What makes Abetz’s behavior even more concerning is that the committee he was a member of was designed to assess how diaspora communities are engaging with Australia’s body politic. Australia has a noticeable underrepresentation of Asian Australians in general in its parliaments, both at federal and state level, and part of the committee’s remit was to understand why. Instead Abetz’s behavior will only compound this problem, as asking Chinese Australians to submit themselves to a loyalty test will discourage people from engaging in the country’s politics. It will give them the sense that they will forever be viewed with suspicion regardless of their positive contributions to Australian society.

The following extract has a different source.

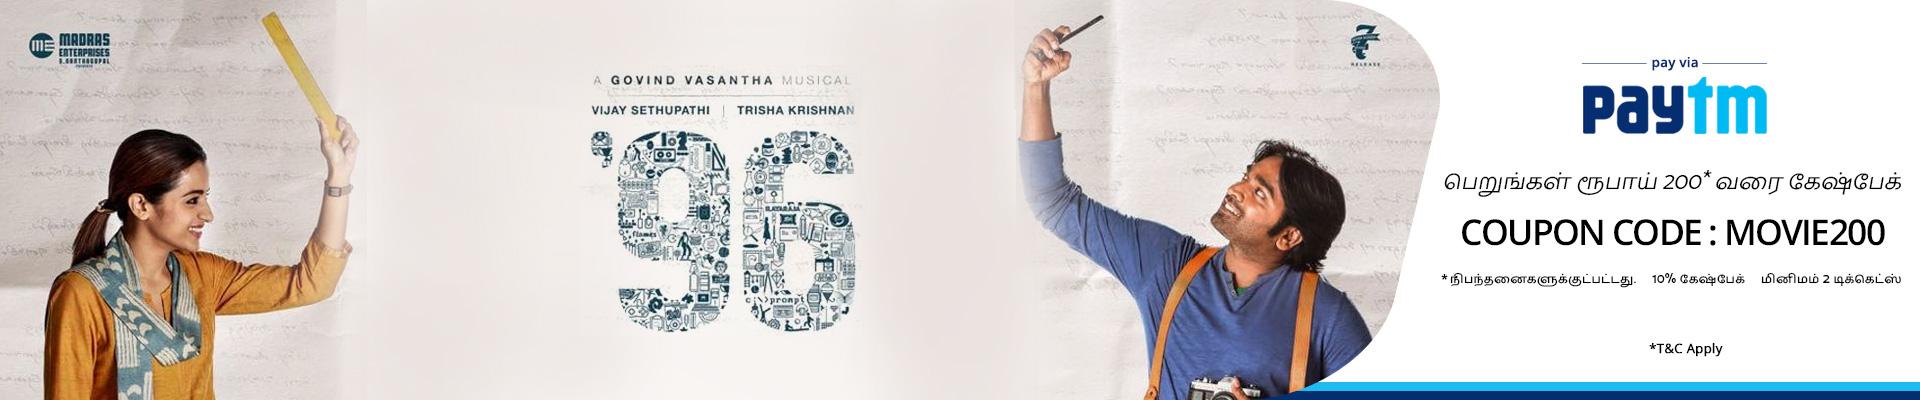 Ambasamudram-Online movie ticket booking, theatre ticket

More broadly, the incident brings to attention the primary dilemma for liberal democratic societies in their response to powerful authoritarian regimes: the temptation to “defend” their societies by means that are not liberal democratic. When this occurs the authoritarian regime has achieved a victory; it has been able to make a country undermine its own values, to make that country more like itself. As Yun Jiang – one of the experts submitting analysis to the committee – has subsequently written on the encounter, asking people to publicly declare their political positions is a tactic the CCP uses on its own people. It is “a tool of authoritarianism.”

These types of crude actions by senior politicians that undermine the country’s values are especially dangerous for a multicultural society like Australia. As the CCP increasingly uses ethnic nationalism as a major branch of both its domestic behavior and international influence operations, Australia’s multiculturalism will be given a stress test. The response to Beijing’s behavior cannot be ethnic suspicion within Australia. The opposite of ethnic nationalism is not a different variety of ethnic nationalism, it is pluralism; a commitment to the inherent human value of each citizen regardless of their background.

Australia’s social stability is reliant on its commitment to its pluralistic liberal democracy, and this commitment needs to be shared, guarded, and promoted by its public representatives. This requires an actual understanding of these ideals, what they mean, and how they are defended and reinforced. Unfortunately, there are now a number of Australian politicians – including Abetz – who have identified China as a domestic political opportunity to prove how tough they are. But in their graceless attempts to demonstrate their opposition to the CCP they have instead ended up working for it.